James harden performs the following workout routine during the season, which features lower-body and core moves. Complete each exercise one-by-one, and rest for 30-60 seconds between sets. Sit-Ups should be performed consecutively with no rest between variations.

1.Resisted Adduction exercise (Sets/Reps: 3×5 each leg)

2.Reverse Lunge exercise (Sets/Reps: 3×5 each leg)

3.Physioball Hamstring Curl exercise (Sets/Reps: 3×10)

4.(a) Sit-Ups – right knee bent (Sets/Reps: 1-2×5)

(b) Sit-Ups – left knee bent (Sets/Reps: 1-2×5)

(c) Sit-Ups – both knees bent (Sets/Reps: 1-2×5)

5.Med Ball Rotation Throw (Sets/Reps: 3×10 each side)

6.Med Ball Skater Jumps (Sets/Reps: 3×10 each side)

7.Hurdle Step-Overs (Sets/Reps: 1×20 sec. each leg)

Exercise Plans

Slideboard Adduction

Place your left foot on a towel atop a slideboard or the basketball court.
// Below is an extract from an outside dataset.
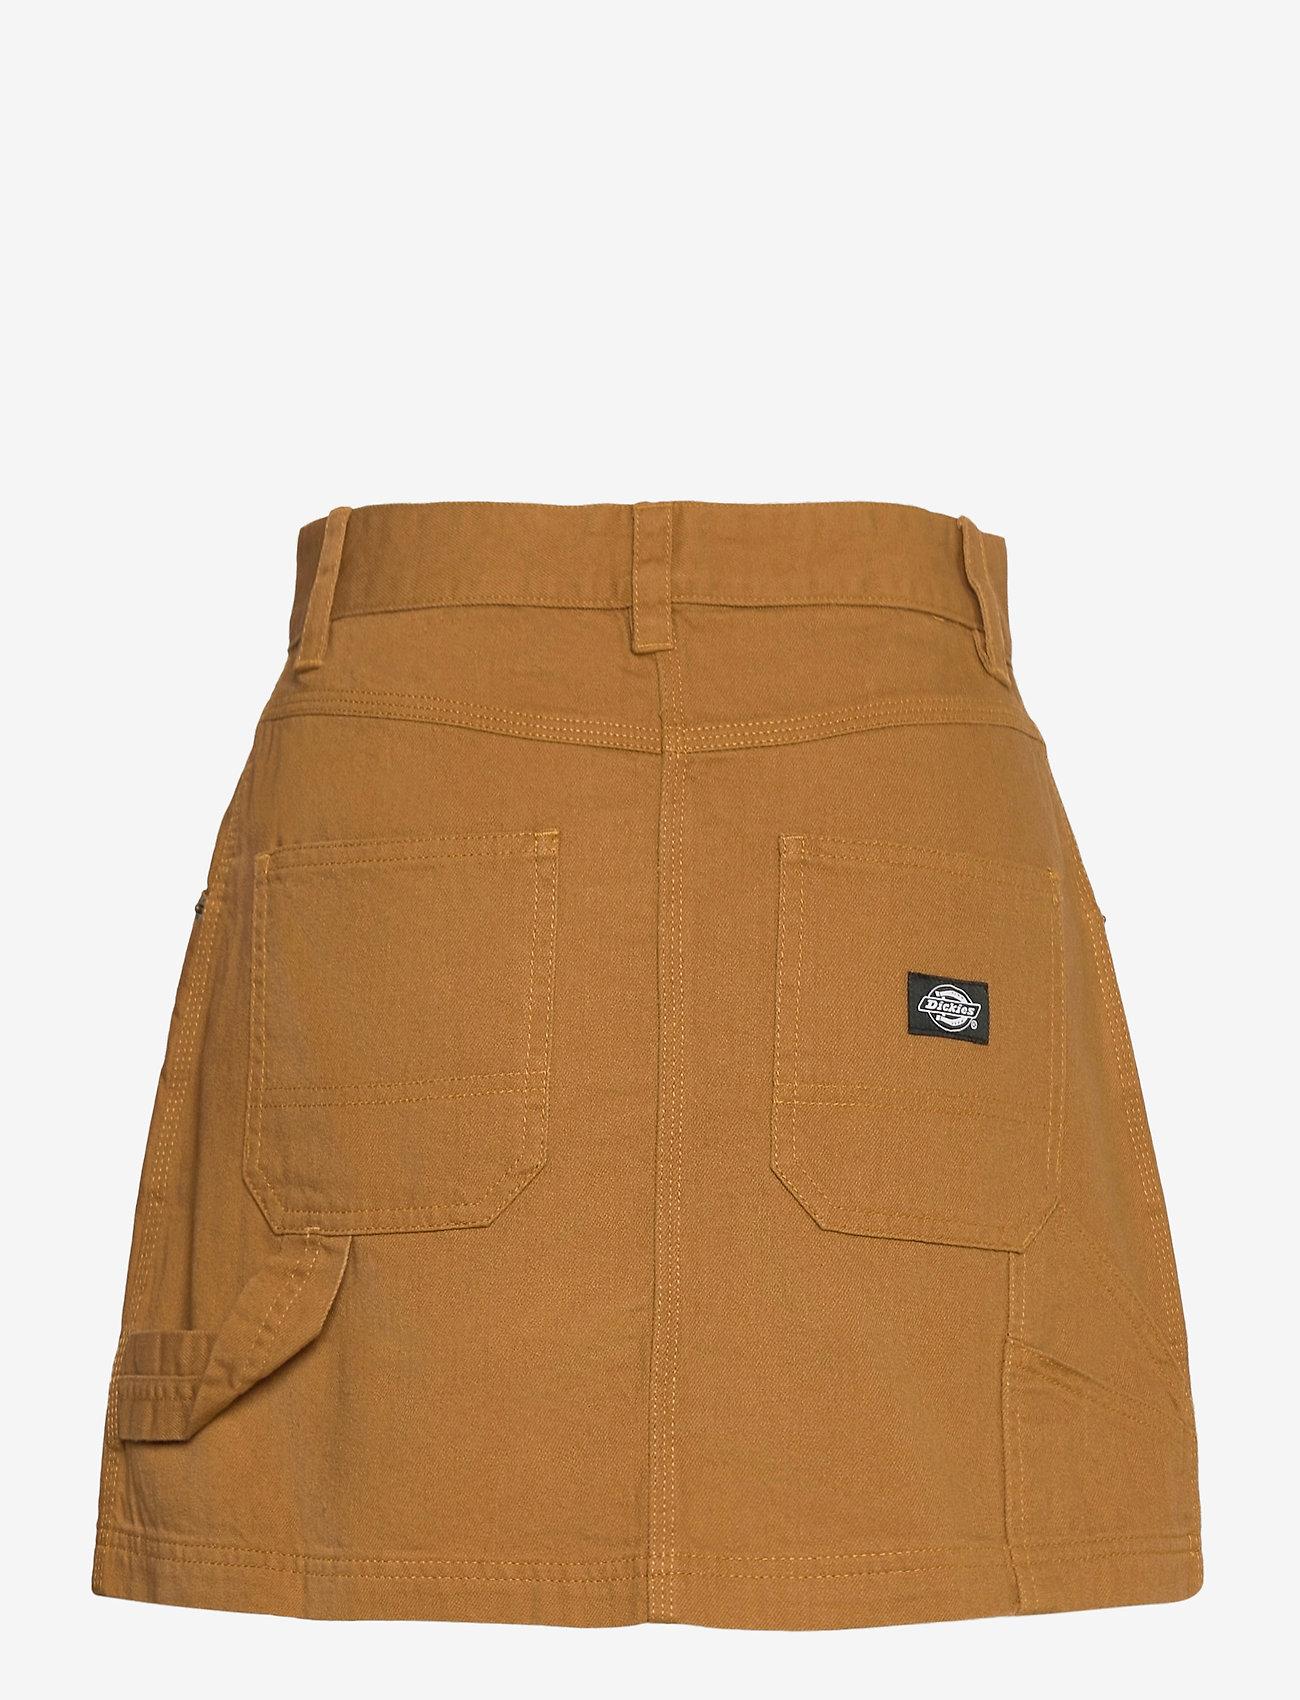 Dickies - SHONGALOO - jeanskjolar - brown duck - 1

Place your hands on your hips and slowly slide your left foot out to the left, away from your body. Slide it back to the starting position.

Sets/Reps: 3 x 5 each leg

Slideboard Reverse Lunge

With your back at the edge of the slideboard, place your left foot on a towel atop the slideboard. Keeping your hands on your hips, slowly slide your left foot back until your right knee is bent at 90 degrees. Drive up and bring your left foot forward to starting position.

Sets/Reps: 3 x 5 each leg

Slideboard Hamstring Curl

Lie on your back with your butt off the edge of a slideboard. Place both feet on towels atop the slideboard. Keeping your hands at your sides, bend your legs and elevate your hips to slide your feet toward your butt. Slide your feet toward the far end of the board until your legs are almost completely extended, then repeat.

Sets/Reps: 3 x 10

Ab Circuit

Have a partner hold your feet. Keep your abs tight and your arms at your sides. Sit up until your torso is nearly vertical. Don’t touch your shoulders to the ground as you perform the following crunch variations: Left knee bent, right knee bent, both knees bent, and bicycle (alternating legs on each rep).

Sets/Reps: 1-2 x 5 per variation

Med Ball Toss

Holding a med ball at chest level, stand sideways to a wall about five feet away with a slight bend in your knees. In one motion, twist your hips and launch the ball into the wall. Catch it on the rebound and immediately repeat the motion.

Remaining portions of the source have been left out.